Due - Thursday, February 7, 2008

The goal of this lab is to give you some practice using XML. For this lab, you will write a program that builds and XML database and enables a user to search for particular items. You will also write an XML Schema that specifies the format of the XML document you build.
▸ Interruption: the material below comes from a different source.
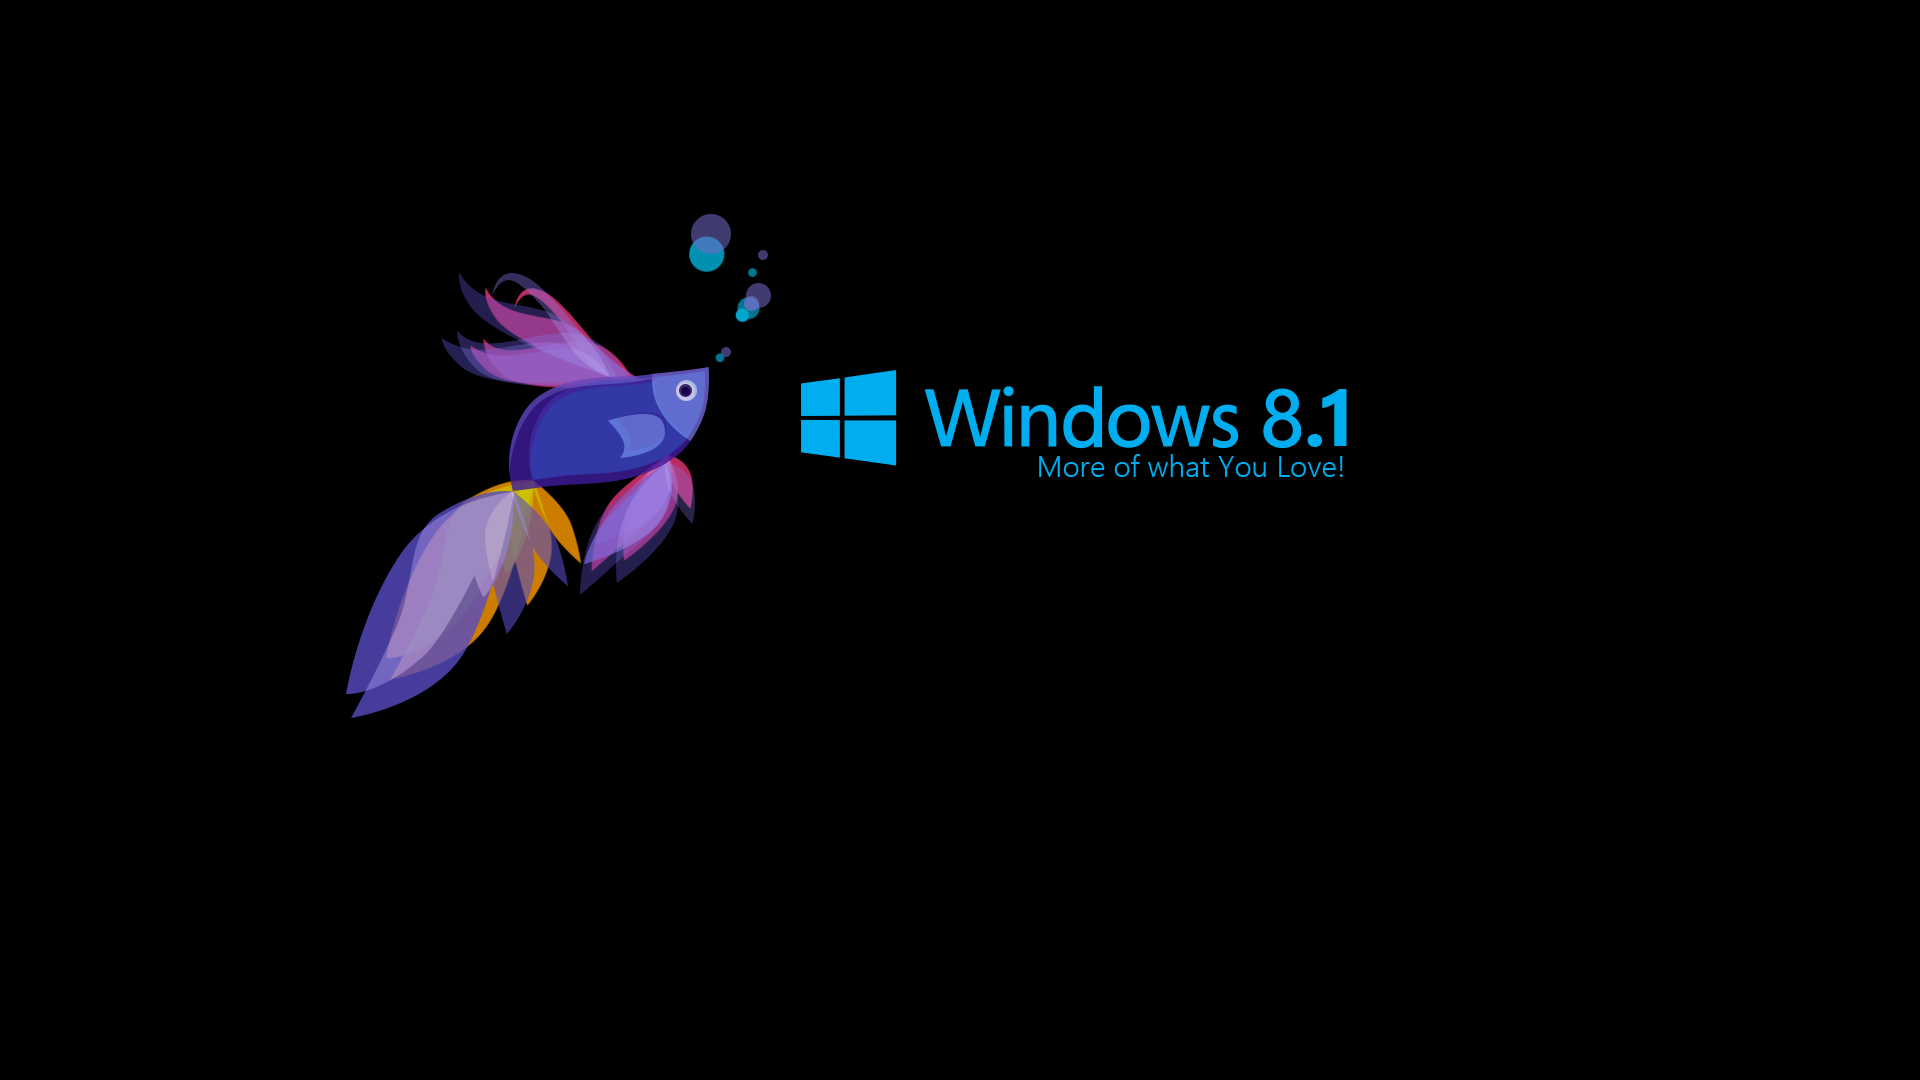 Chủ đề hình nền Windows 8.1 HD: Với bộ sưu tập chủ đề hình nền Windwos 8.1 HD đa dạng, sang trọng, bạn sẽ tìm thấy điều gì đó phù hợp với gu thẩm mỹ của mình. Những hình nền đẹp, sáng tạo và độc đáo sẽ làm cho màn hình máy tính của bạn bừng sáng hơn.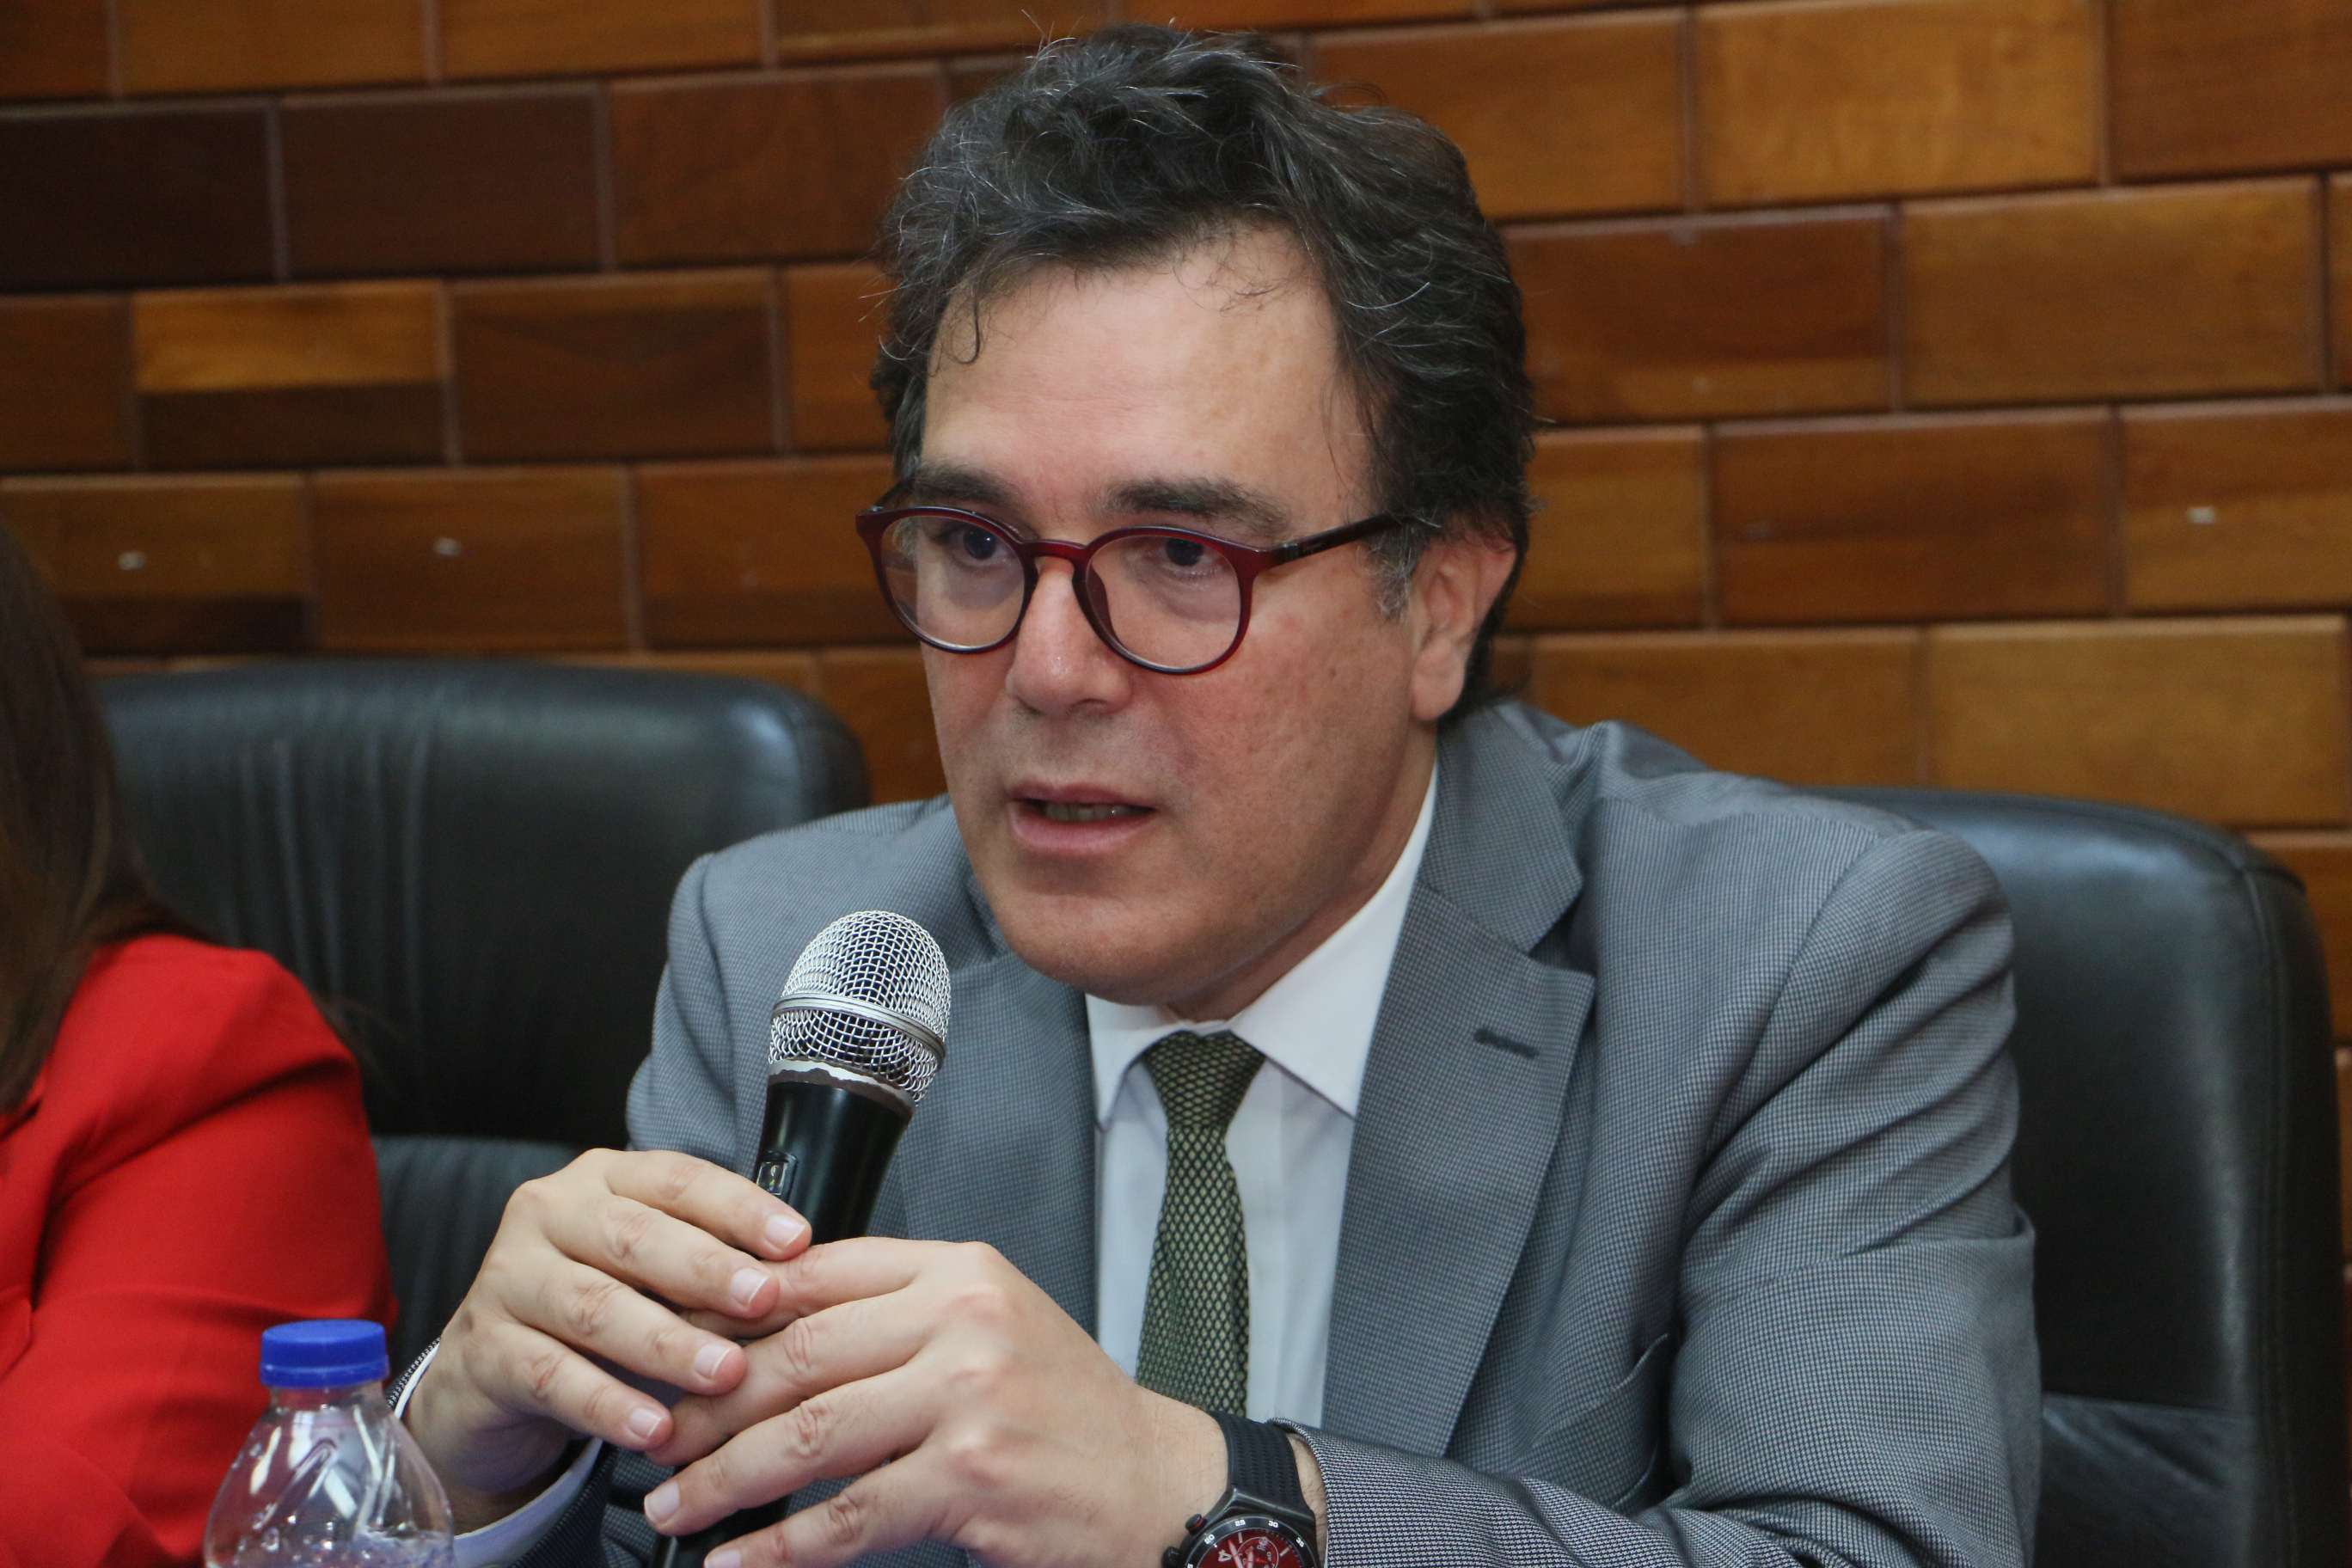 Magistrado Jottin Cury presenta libro “Límites al Derecho de Propiedad y Áreas Protegidas”, en Santiago Rodríguez

Grading will be based on correctness (whether your program produces the correct output) as well as the design and documentation. Poorly designed programs (e.g., programs that consist of a giant main method) will be penalized.

Part 1

(45 points)

Implement a Java program that takes a directory such as this one as input, recursively traverses it, unzips the files it contains, parses the files, and generates an XML document of the following format:

<?xml version="1.0" encoding="UTF-8"?>
<BookDB>
  <Book EtextNum="2577">
    <Author First="Hippolyte A." Last="Taine"/>
    <Title>The Ancient Regime</Title>
    <Location Filename="/Users/srollins/teaching_local/cs682-s08/www.gutenberg.org/dirs/etext01/01ocf10.txt"/>
    <ReleaseDate>April, 2001</ReleaseDate>
  </Book>
  <Book EtextNum="2578">
    <Author First="Hippolyte A." Last="Taine"/>
    <Title>The French Revolution, Volume 1.</Title>
    <Location Filename="/Users/srollins/teaching_local/cs682-s08/www.gutenberg.org/dirs/etext01/02ocf10.txt"/>
    <ReleaseDate>April, 2001</ReleaseDate>
  </Book>
  <Book EtextNum="2579">
    <Author First="Hippolyte A." Last="Taine"/>
    <Title>The French Revolution, Volume 2</Title>
    <Location Filename="/Users/srollins/teaching_local/cs682-s08/www.gutenberg.org/dirs/etext01/03ocf10.txt"/>
    <ReleaseDate>April, 2001</ReleaseDate>
  </Book>
</BookDB>
If you have downloaded content directly from Project Gutenberg, you may ignore any non-txt files.

If you wish to use a language other than Java, please speak with me first.

Update 1/31/08: For full credit, your program must use the Document method createElement to create new Elements and add them to your XML structure. Programs that simply append strings will not receive full credit.

Part 2

(40 points)

Implement a program that will read your XML database from a file, build a DOM tree, and allow the user to search it. The user should be able to provide a keyword and specify whether to search by author or title. Your program will print the titles and authors of all Book elements that contain the keyword in the appropriate element. I recommend that you use XPath to help you with your search.

Part 3

(15 points)

Implement an XML Schema for your book database. The BookDB element will contain 0 or more Book elements. All subelements of Book are required and must be specified in order. You must be able to validate your databse using a schema validator such as this one.

Due 5:30PM - Thursday, February 7, 2008

  1. Submit all of your code, along with readmes, to your submit directory at /home/submit/cs682-s08/username.
Note: No portion of your code may be copied from any other source including another text book, a web page, or another student (current or former). You must provide citations for any sources you have used in designing and implementing your program.
Sami Rollins